For these reasons, the Court should deny the motion for leave to amend (to file a second amended complaint) and now dismiss this case with prejudice. See, e.g., Stem v. Gomez, 813 F.3d 205, 215-16 (5th Cir. 2016) (“When an amended complaint would still ‘fail to survive a Rule 12(b)(6) motion,' it is not an abuse of discretion to deny the motion'” for leave to amend. (citation omitted)).
Recommendation
The Court should deny the motion for leave to file a second amended complaint [Dkt. Nos. 43, 44] and dismiss this case with prejudice.
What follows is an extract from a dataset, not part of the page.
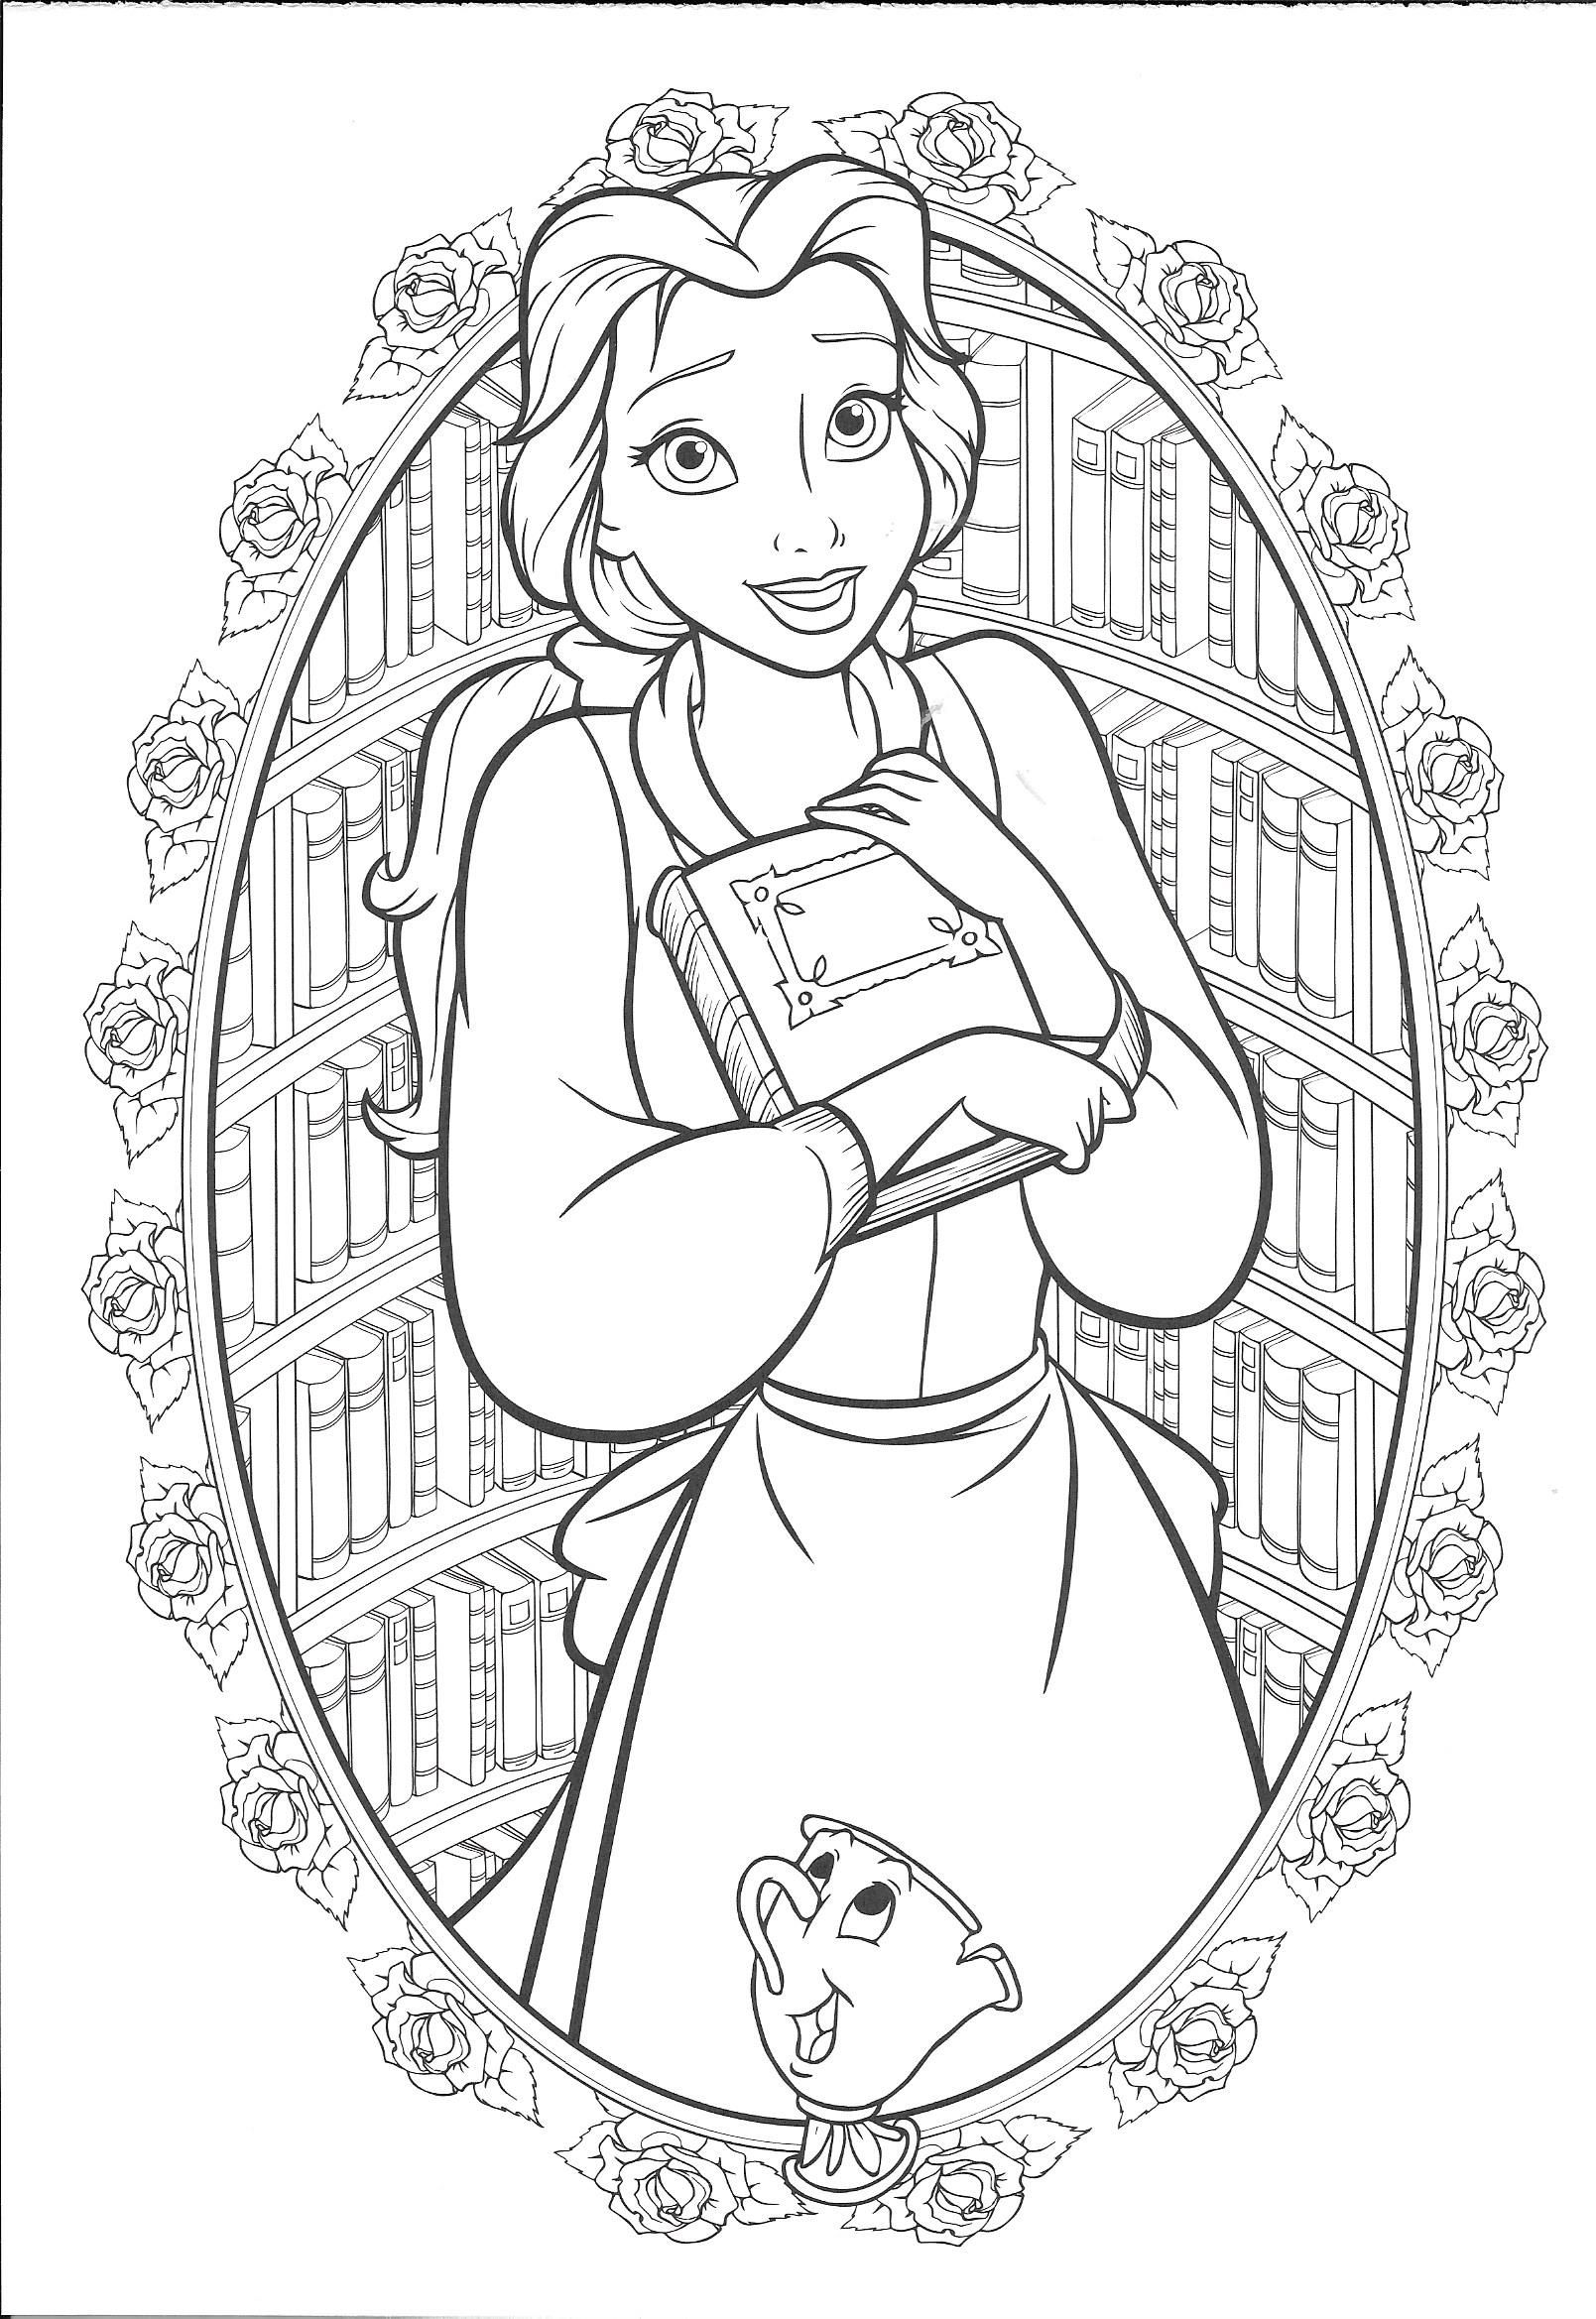 Belle The Bookworm Disney Coloring Pages Belle Coloring Pages Disney Princess Coloring Pages
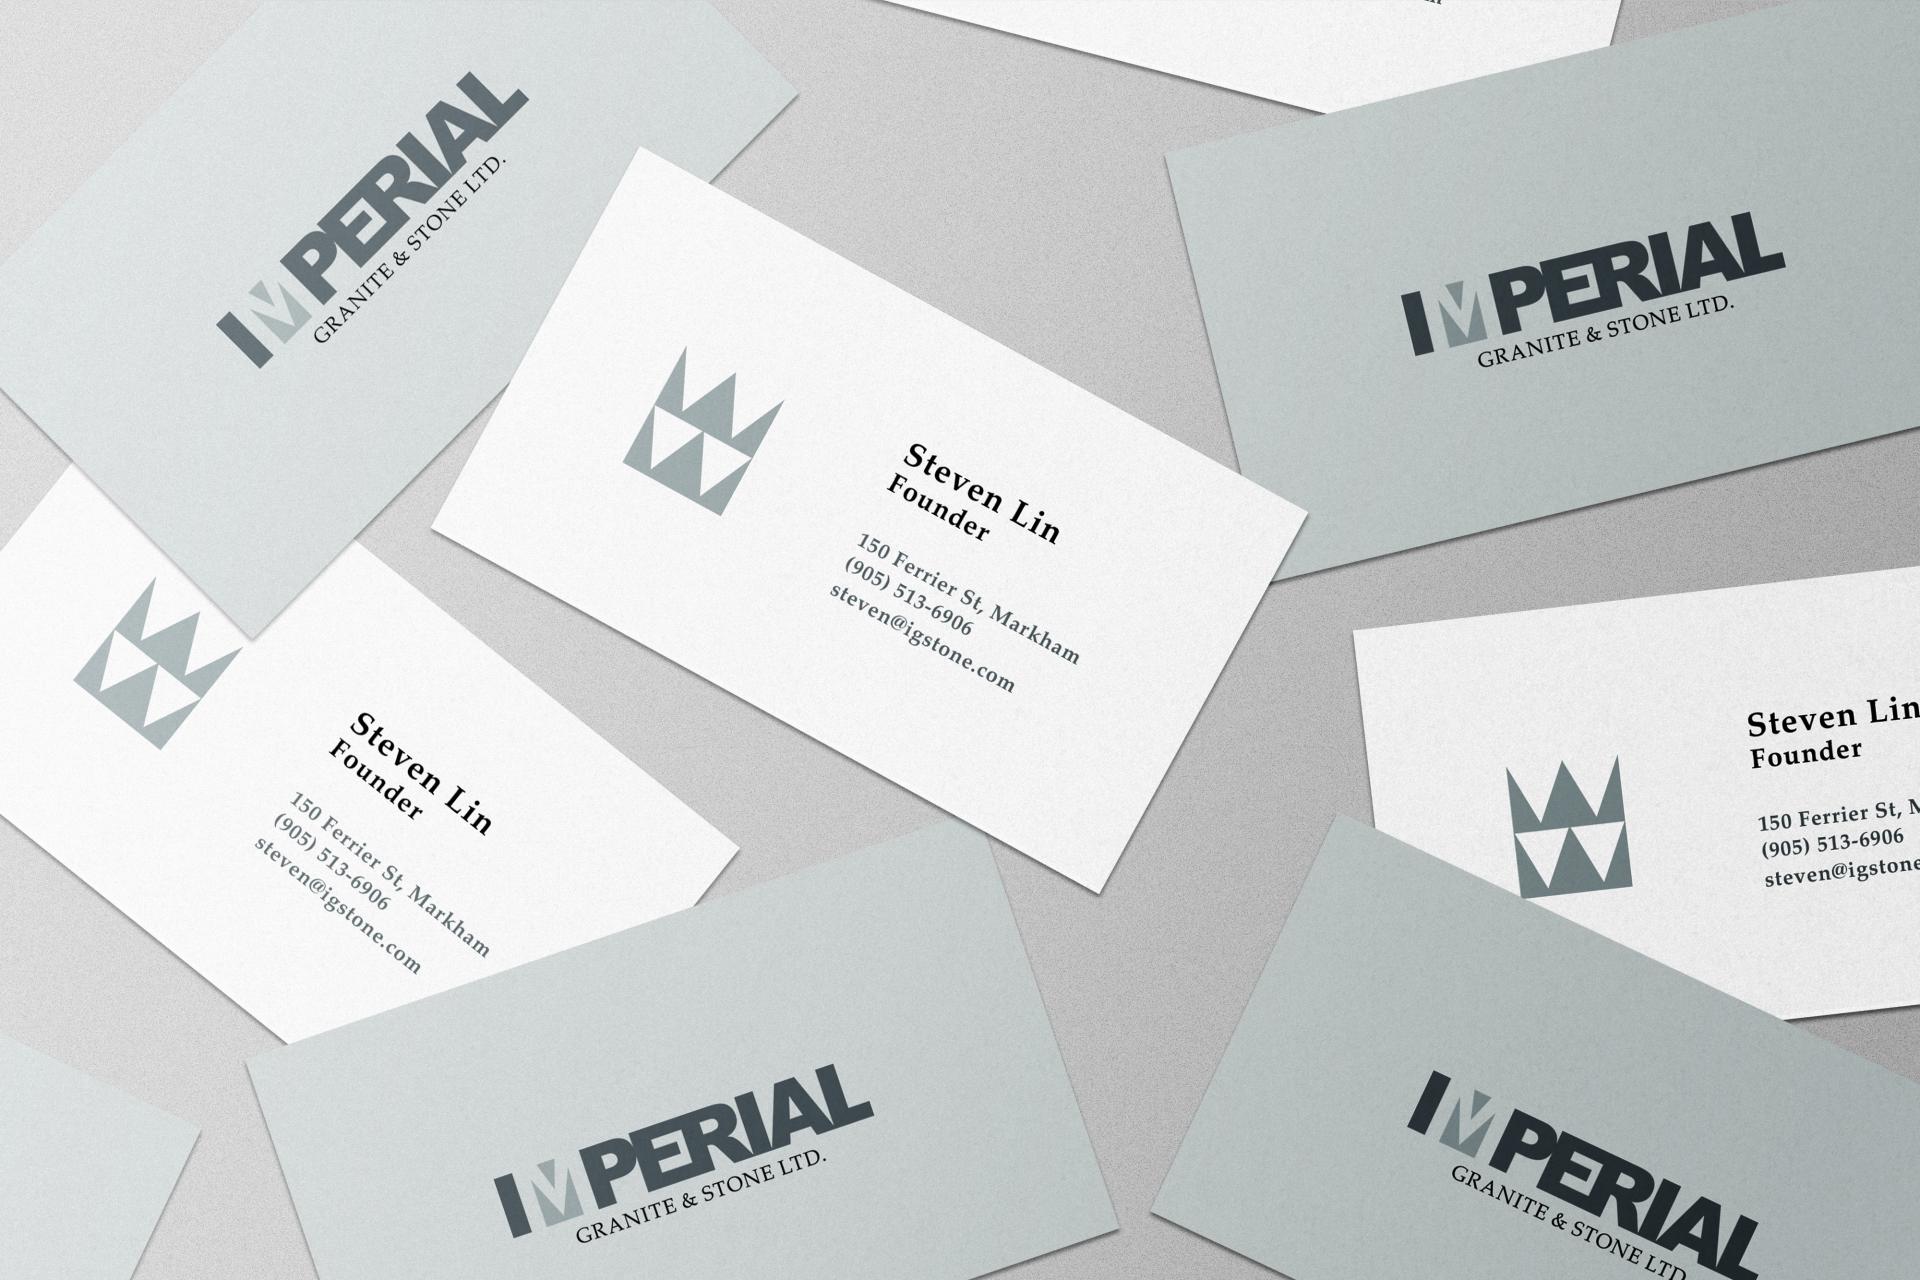 Imperial Granite & Stone Ltd. Business Cards

A copy of these findings, conclusions, and recommendation shall be served on all parties in the manner provided by law. Any party who objects to any part of these findings, conclusions, and recommendation must file specific written objections within 14 days after being served with a copy. See 28 U.S.C. § 636(b)(1); Fed.R.Civ.P. 72(b). In order to be specific, an objection must identify the specific finding or recommendation to which objection is made, state the basis for the objection, and specify the place in the magistrate judge's findings, conclusions, and recommendation where the disputed determination is found. An objection that merely incorporates by reference or refers to the briefing before the magistrate judge is not specific. Failure to file specific written objections will bar the aggrieved party from appealing the factual findings and legal conclusions of the magistrate judge that are accepted or adopted by the district court, except upon grounds of plain error. See Douglass v. United Servs. Auto. Ass'n, 79 F.3d 1415, 1417 (5th Cir. 1996).